Your next H&M purchase will have a Made in Ethiopia tag

What’s wrong with us? ‘I’m such a shopaholic!’ can be said with pride. ‘A girl can never have too many pairs of shoes’. Who taught us that? Yes she can have too many pairs of shoes. At least those flats that wear out in 6 months.

As for myself, I have had an unhealthy relationship to clothes for years.

If there was an Anonymous Shopaholics group, I would definitely have needed that about 5-10 years back. I have been a maniac shopper.

The disease I was suffering from is called the fast fashion syndrome. And just like consumption of fast food, fast fashion fulfills our needs in the short term, but makes us unhappy and miserable in the long term. The thing is, the craving never stops.

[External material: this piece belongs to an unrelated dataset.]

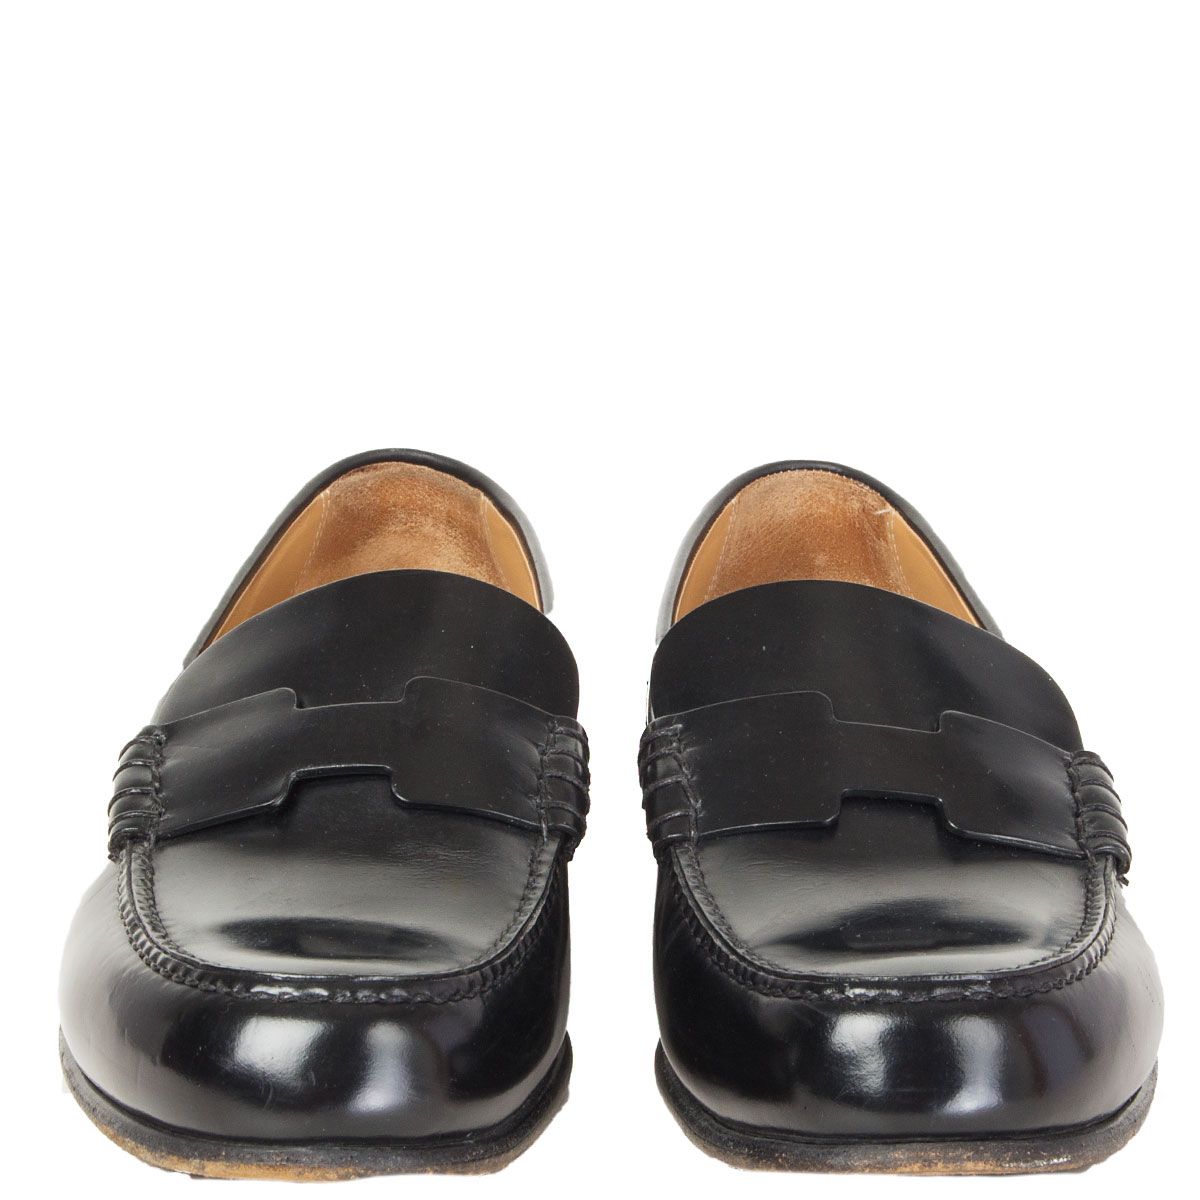 Hermès 'Kennedy' Loafers Black Leather

My mother tried to teach me about quality. She really  did. When growing up, we had a sewing machine at home and my mother was an expert in maintaining and fixing clothes. When I was a teenager, she reminded me about the importance of buying quality clothes instead of rags.

But the temptations were too luring.

As soon as I got my first job at the age of 15, I decided to spend my money on clothes. I became addicted.

H&M’s online store became my most visited website. I clicked home dozens and dozens of garments during some of my wildest years. (I have none of those garments left. What does that say about their longevity?)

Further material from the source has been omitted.